Intanto, in casa, Geremiah si stava asciugando le lacrime. Era pronto a uscire per dare manforte al vecchio e, caricato lo schioppo, si rese conto di avere solo otto colpi a disposizione. “Basteranno” si disse e fece per uscire. Ma, fuori dalla porta, fu aggredito da qualcosa che non avrebbe potuto immaginare. Una figura piccola e dannatamente agile, una figura che gli aveva tranciato un orecchio con una spada. “Chi se ne va in giro con una spada, oggigiorno?” si chiese il ragazzo, mentre tutte le sue domande trovavano risposta alla vista di quel cinese minuto che lo aveva atterrato. Geremiah era veloce ma, al primo colpo di schioppo sparato verso il nemico, scoprì questi essere molto più veloce di lui. Una schivata laterale, chinandosi in basso, permise al giallo di calciare la mano armata del giovane facendogli perdere la presa sulla pistola. Certo lo sguardo di Geremiah era fiero e sdegnoso, eppure dovevi essere un vero figlio di puttana per aggredirlo senza tenere conto che fosse poco più di un bambino.

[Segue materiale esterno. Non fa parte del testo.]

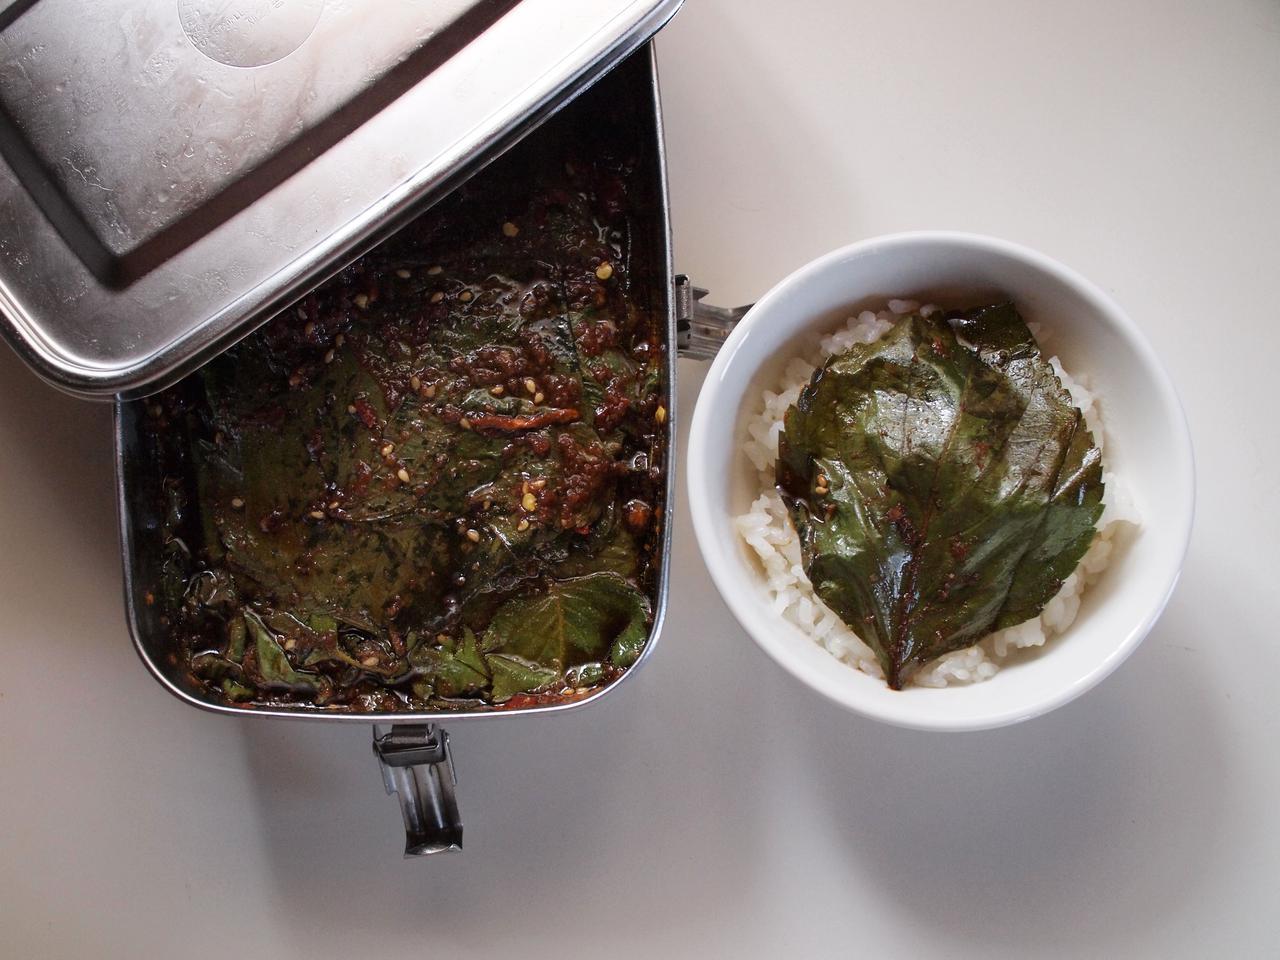 画像: 保存容器はソウルの道具屋で購入したステンレス製のキムチ容器に。冷蔵保存で一年ほどもちます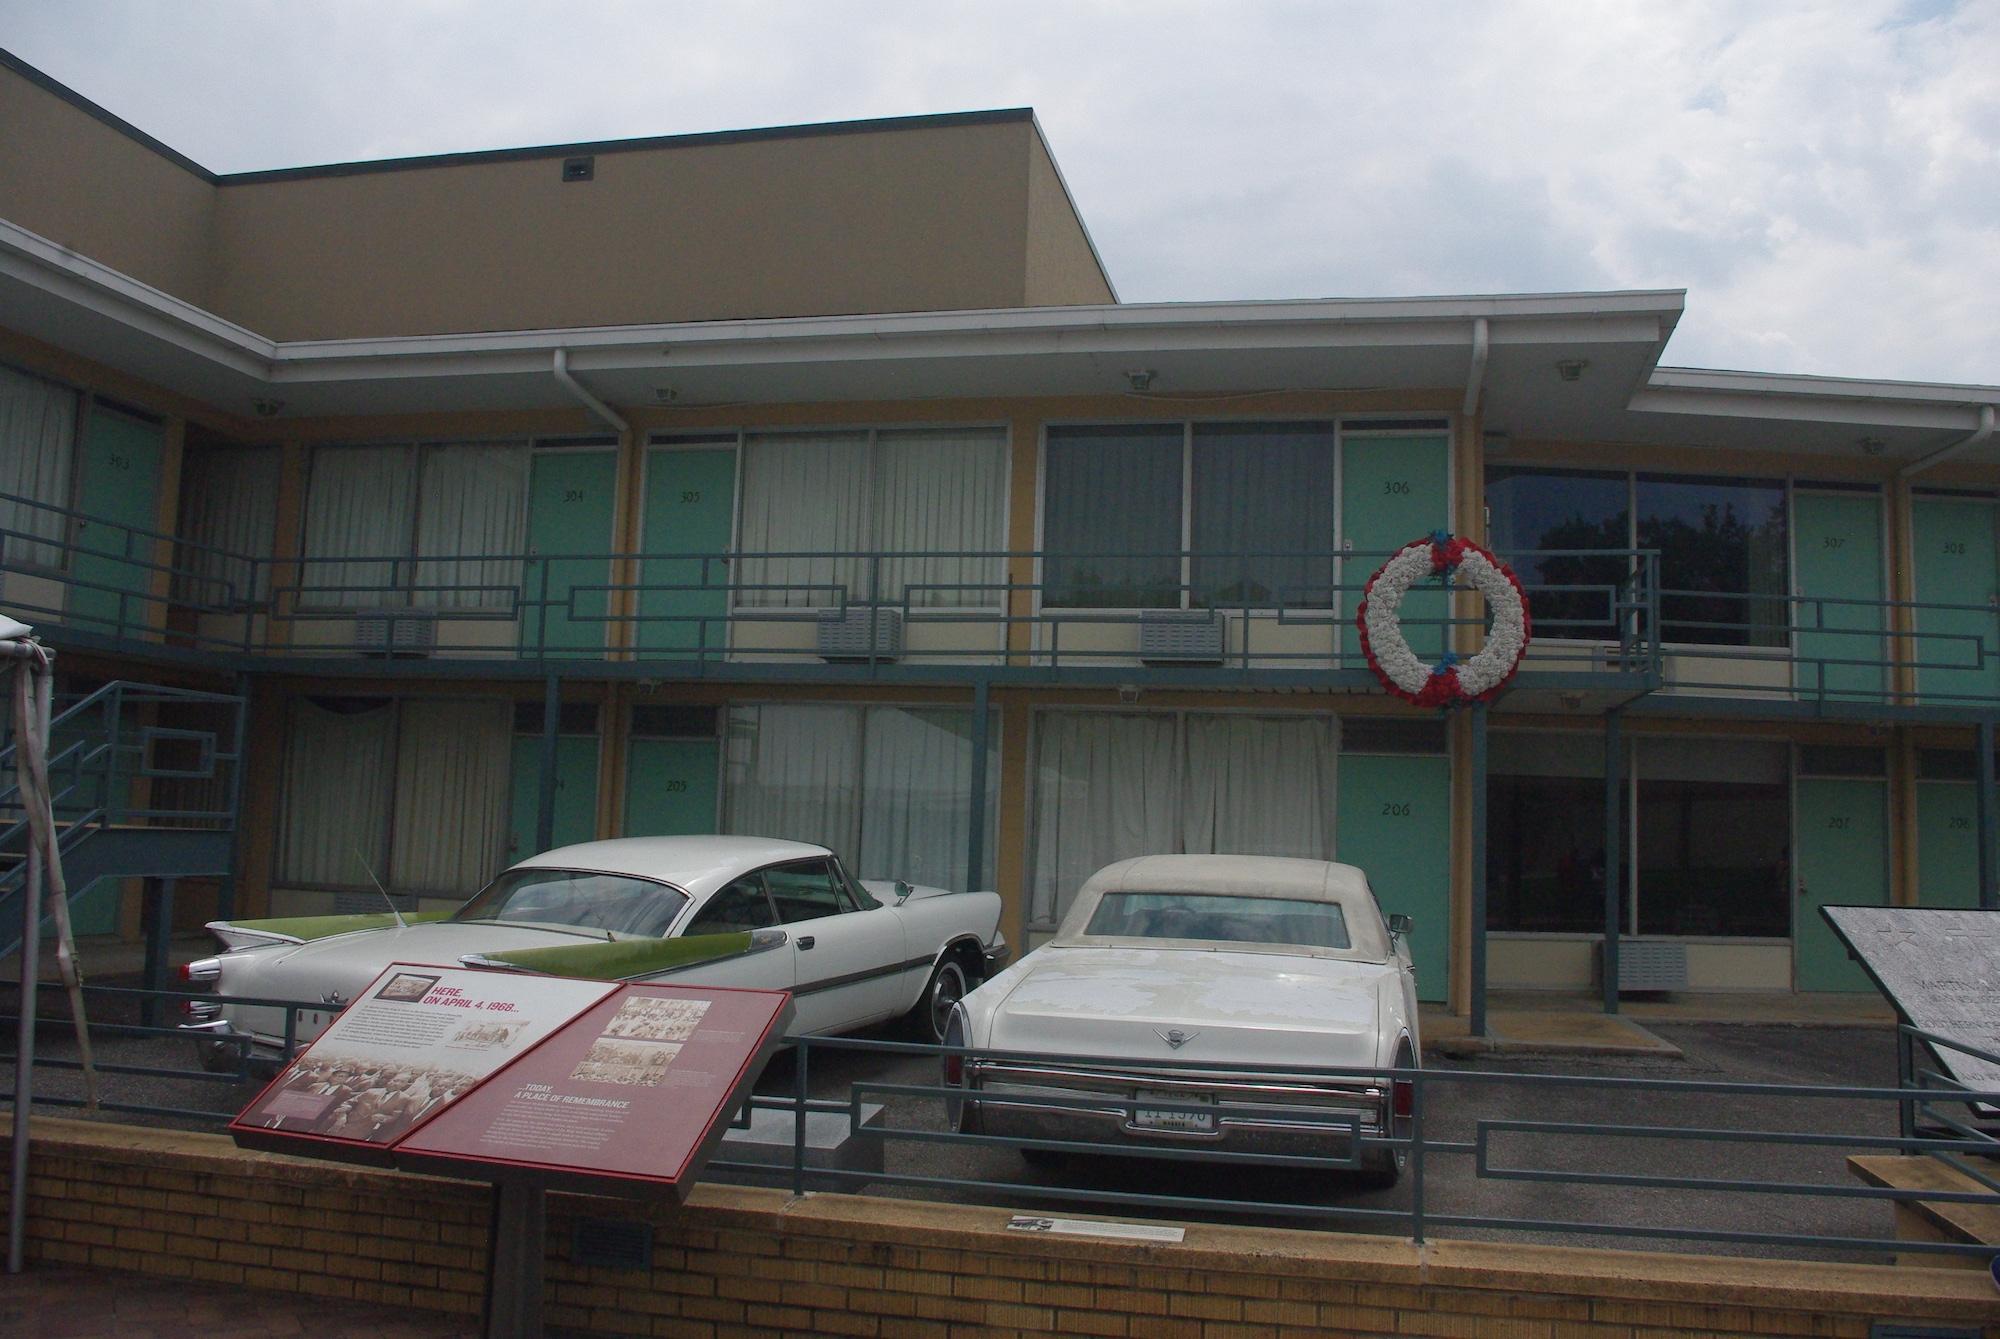 La chambre 306 (avec la couronne) et le balcon où MLK a été tué. Les voitures étaient garées là à l'époque

Nel frattempo la cinese, rimasta senza proiettili, urlava nella sua lingua verso l’uomo che, invece, non la degnava nemmeno di uno sguardo. I suoi gelidi occhi erano tutti per il giovane americano che giaceva in terra avanti a lui, premendosi la ferita all’orecchio. Pronto a calare la sua lama, il piccolo orientale alzò l’arma verso il cielo, riflettendo la luna e le stelle sul suo lucente lato destro.

Su quello sinistro, invece, era riflesso altro. Una vecchia carogna cinta da uno spolverino e con una pistola in mano.

Una pistola che dissebang!


Il cinese era morto e, con lui, tutta la sua banda. Shaw non osava incrociare lo sguardo con quello del figlio, poiché era proprio in quelle situazioni che emergeva tutta la sua incapacità di padre. Cosa gli avrebbe detto? Mi dispiace? La vita va avanti? No, quelle erano puttanate da funerale prive di qualsiasi conforto. Si limitò a guardare la cinese.

Troverò il modo... – disse lei in perfetto inglese.

Di fare che?

Di sdebitarmi.


Shaw non poteva credere alle sue orecchie. Era furioso, fuori di sé. Come poteva pensare che ci fosse un modo per ricambiare...quello?! Come poteva anche solo credere che la morte di una moglie... di una madre, fosse in qualche modo riparabile? Nella sua gola si ammassò tutto il veleno e l’acredine che gli ribollivano nel sangue. Era pronto a urlare, sbraitare, picchiare, se necessario... quando la mano del figlio toccò la sua.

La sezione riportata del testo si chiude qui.